Detection Strategies
- Inspect web server access logs for requests to ciwweb.pl containing encoded template syntax or unusually long query strings.
- Hunt for process lineage where perl.exe or httpd/IIS worker processes spawn command shells or download utilities.
- Correlate Lighthouse Studio version data from asset inventory against the fixed version 9.16.14 to identify vulnerable hosts.
Monitoring Recommendations
- Enable verbose request logging on web servers fronting Lighthouse Studio and forward to a centralized SIEM or data lake for retention and analytics.
- Alert on any process execution by the survey runtime account that is not part of the documented Lighthouse Studio process tree.
- Monitor egress traffic from survey hosts and baseline expected destinations to detect reverse shells and tool downloads.
How to Mitigate CVE-2025-34300
Immediate Actions Required
- Upgrade Sawtooth Software Lighthouse Studio to version 9.16.14 or later on every host running ciwweb.pl.
- Restrict network access to survey servers using firewall rules or a reverse proxy with allow-lists until patching is complete.
- Review web and system logs for indicators of prior exploitation, and rotate credentials stored on or accessible from the host if compromise is suspected.
- Validate the integrity of survey web roots and remove any unauthorized scripts or scheduled tasks.
Patch Information
Sawtooth Software has released Lighthouse Studio 9.16.14, which remediates the template injection in ciwweb.pl. Download details and release notes are available on the Sawtooth Software Version History page.

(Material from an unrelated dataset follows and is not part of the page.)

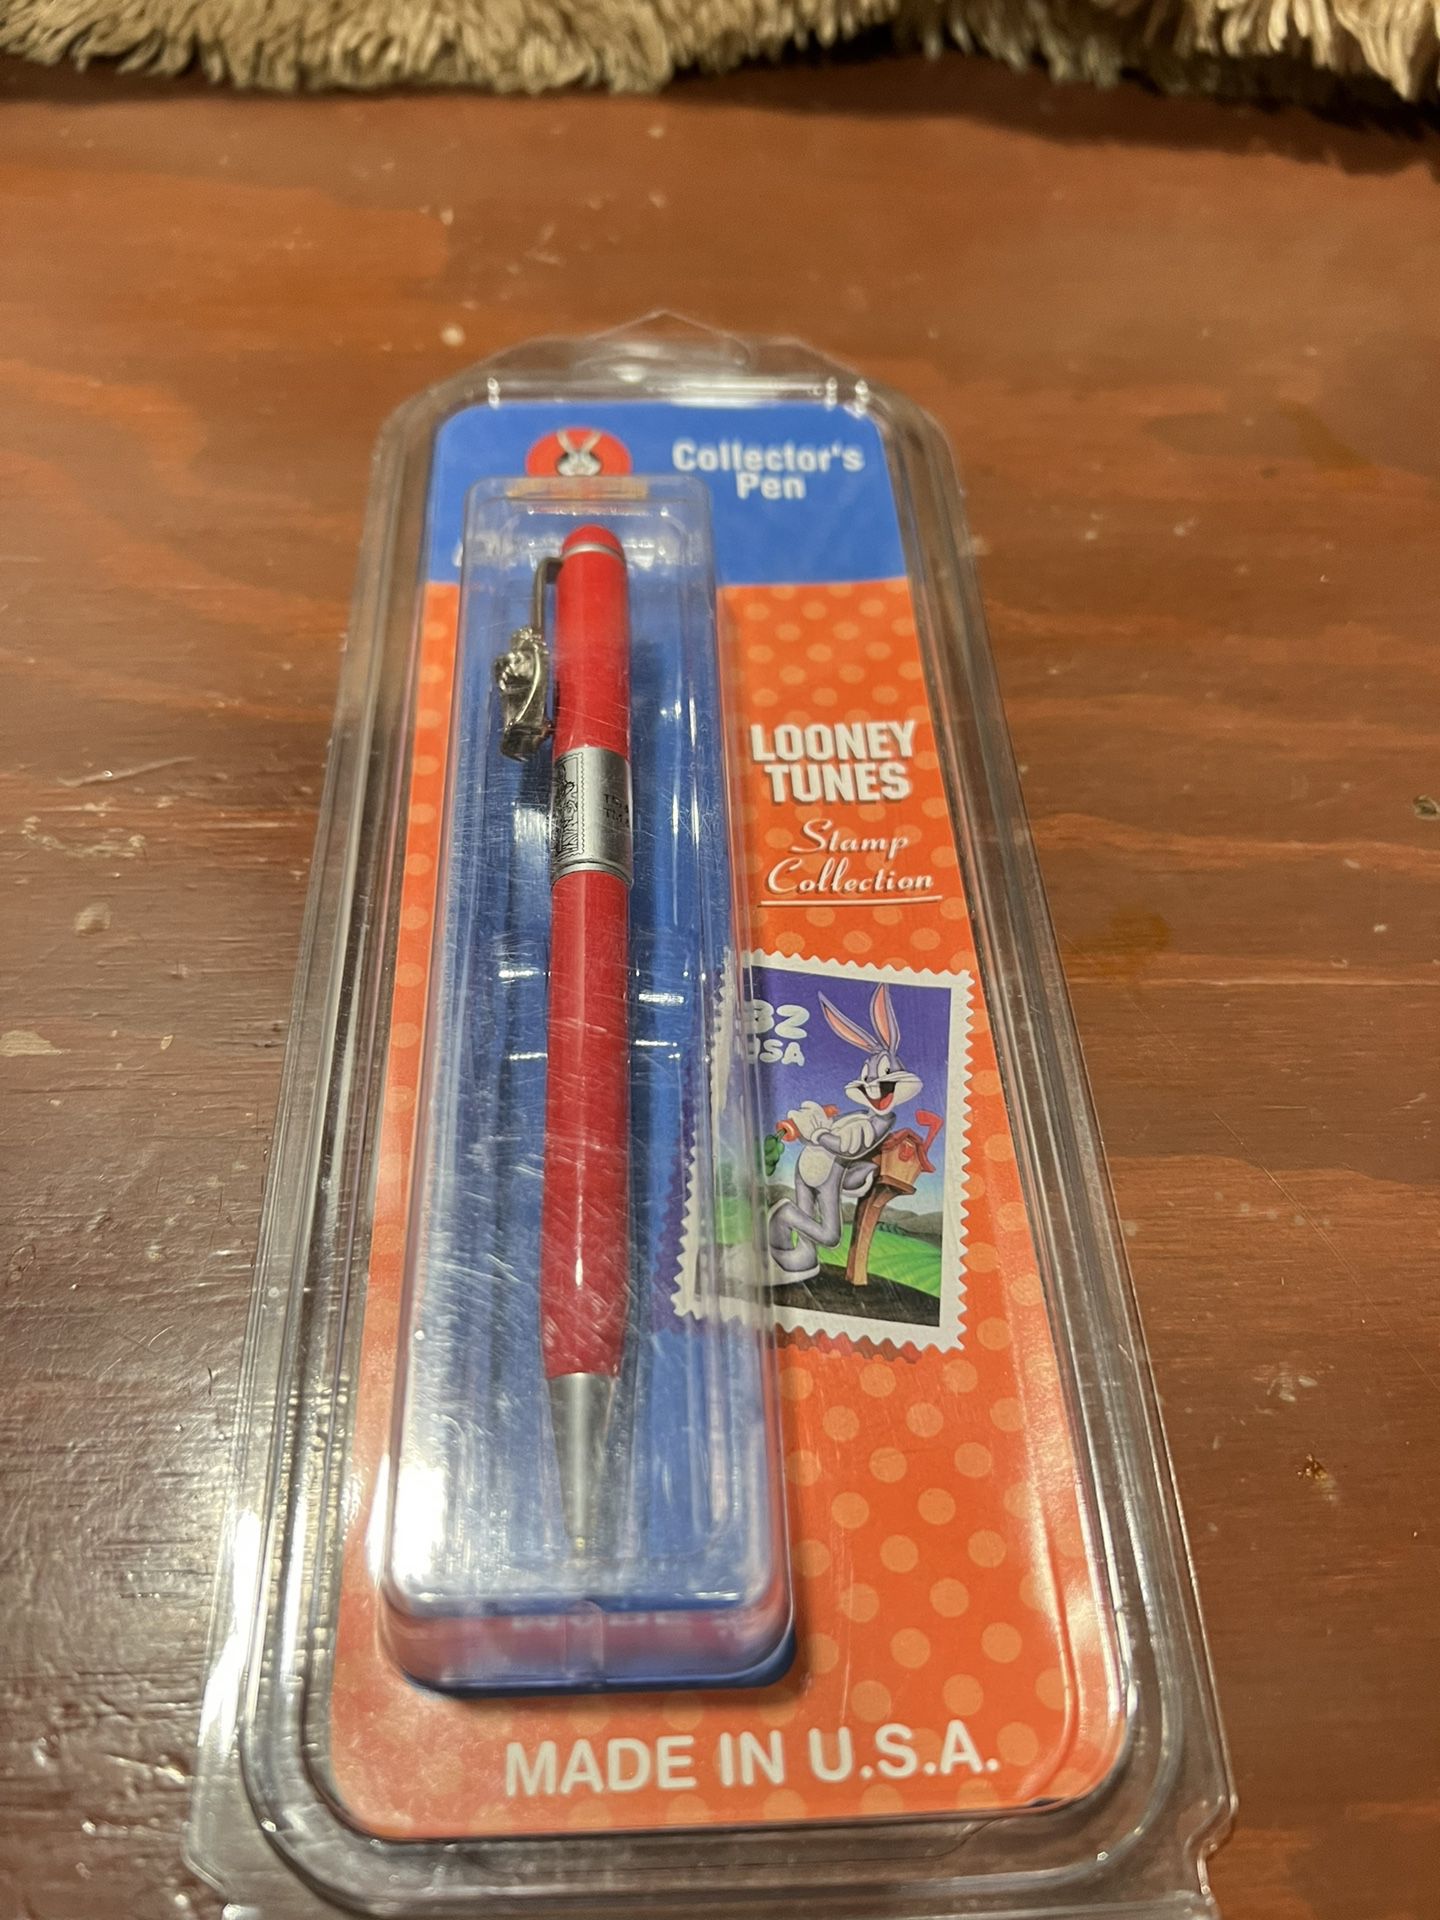 Vintage Looney tunes USPS stamp collection collector's pen

After upgrading, redeploy any active surveys so they execute against the patched runtime.
Workarounds
- Take internet-exposed ciwweb.pl endpoints offline until the upgrade to 9.16.14 is completed.
- Place the survey host behind a web application firewall (WAF) with rules that block template metacharacters in query and body parameters targeting ciwweb.pl.
- Run the Perl CGI process under a least-privileged service account that cannot write to web roots or spawn shells, reducing exploitation impact.
Disclaimer: This content was generated using AI. While we strive for accuracy, please verify critical information with official sources.